D'Arcy hired geologist George Bernard Reynolds to do the prospecting in the Persian desert. Conditions were extremely harsh: "small pox raged, bandits and warlords ruled, water was all but unavailable, and temperatures often soared past 50°C". After several years of prospecting, D'Arcy's fortune dwindled away and he was forced to sell most of his rights to a Glasgow-based syndicate, the Burmah Oil Company.

By 1908, having sunk more than £500,000 into their Persian venture and found no oil, D'Arcy and Burmah decided to abandon exploration in Persia. In early May 1908, they sent Reynolds a telegram telling him that they had run out of money and ordering him to "cease work, dismiss the staff, dismantle anything worth the cost of transporting to the coast for re-shipment, and come home." Reynolds delayed following these orders and in a stroke of luck, struck oil shortly after, on 26 May 1908. However, according to Arnold Wilson, "The service rendered by G.B. Reynolds to the British empire and to British industry and to Persia was never recognized."

===Creation of APOC===
On 14 April 1909, Burmah Oil created the Anglo-Persian Oil Company (APOC) as a subsidiary and also sold shares to the public.

Volume production of Persian oil products eventually started in 1913 from a refinery built at Abadan, for its first 50 years the largest oil refinery in the world (see Abadan Refinery). In 1913, shortly before World War I, APOC managers negotiated with a new customer, Winston Churchill, who was then First Lord of the Admiralty. Churchill, as a part of a three-year expansion program, sought to modernise Britain's Royal Navy by abandoning the use of coal-fired steamships and adopting oil as fuel for its ships instead. Although Britain had large reserves of coal, oil had the advantage of greater energy density, allowing a longer steaming range for a ship for the same bunker capacity. Furthermore, Churchill wanted to free Britain from its reliance on the Standard Oil and Shell oil companies. In exchange for secure oil supplies for its ships, the British government injected new capital into the company and, in doing so, acquired a controlling interest in APOC. The contract that was set up between the British Government and APOC was to hold for 20 years. The British government also became a de facto hidden power behind the oil company.

APOC took a 50% share in a new Turkish Petroleum Company (TPC) organised in 1912 by Calouste Gulbenkian to explore and develop oil resources in the Ottoman Empire. After a hiatus caused by World War I, it reformed and struck an immense gusher at Kirkuk, Mandatory Iraq in 1927, renaming itself the Iraq Petroleum Company.

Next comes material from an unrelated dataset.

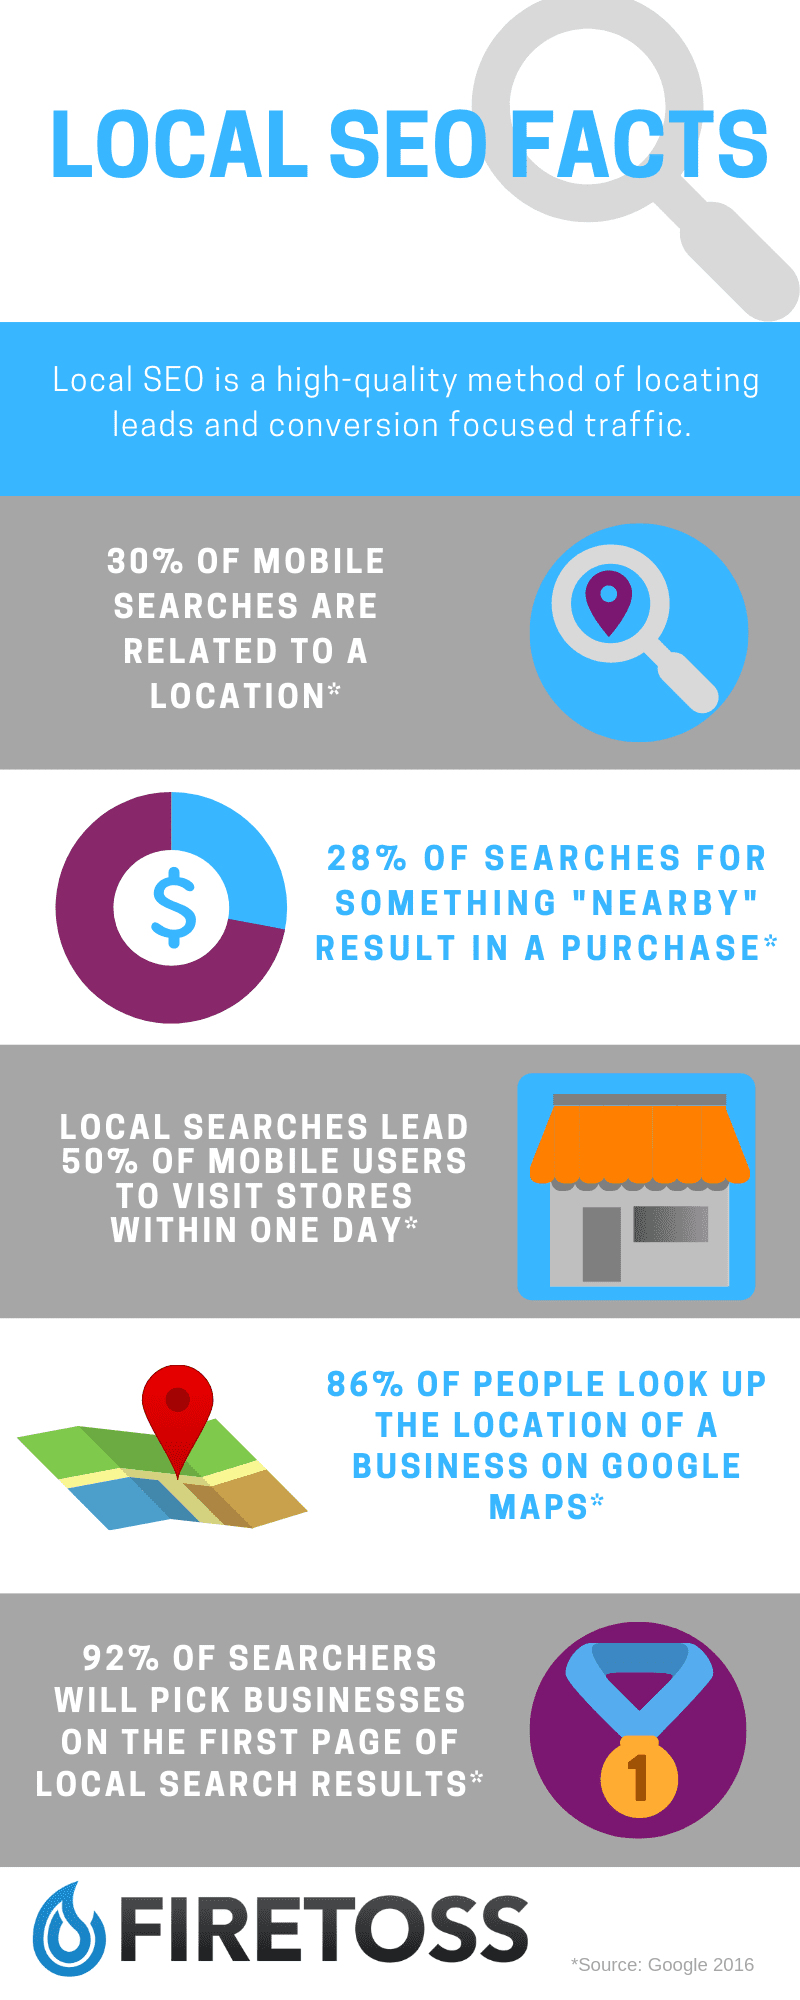 Local SEO guide facts infographic

In 1920, the APOC also acquired a northern oil concession that had been formally granted in 1916 to a former Russian subject, the Georgian Akaki Khoshtaria. To manage this new acquisition, the APOC formed a new subsidiary, the North Persia Oil Company. Persia, however, refused to accept the new company, giving rise to a lingering dispute over the northern Persian oil.

In 1923, oil was found at the Iraqi/Persian border in Naft Khana/Naft-i-Shah (now Diyala Province), which was considered a "transferred territory" along the Persia-Iraq border. The Khanaqin Oil Company was registered in London as an APOC subsidiary. The quantities henceforth produced in the field were rather insignificant. Naft Khana reverted to the Iraqi government in 1958 after failing to achieve a contractual obligation of 40,000 bbl/day.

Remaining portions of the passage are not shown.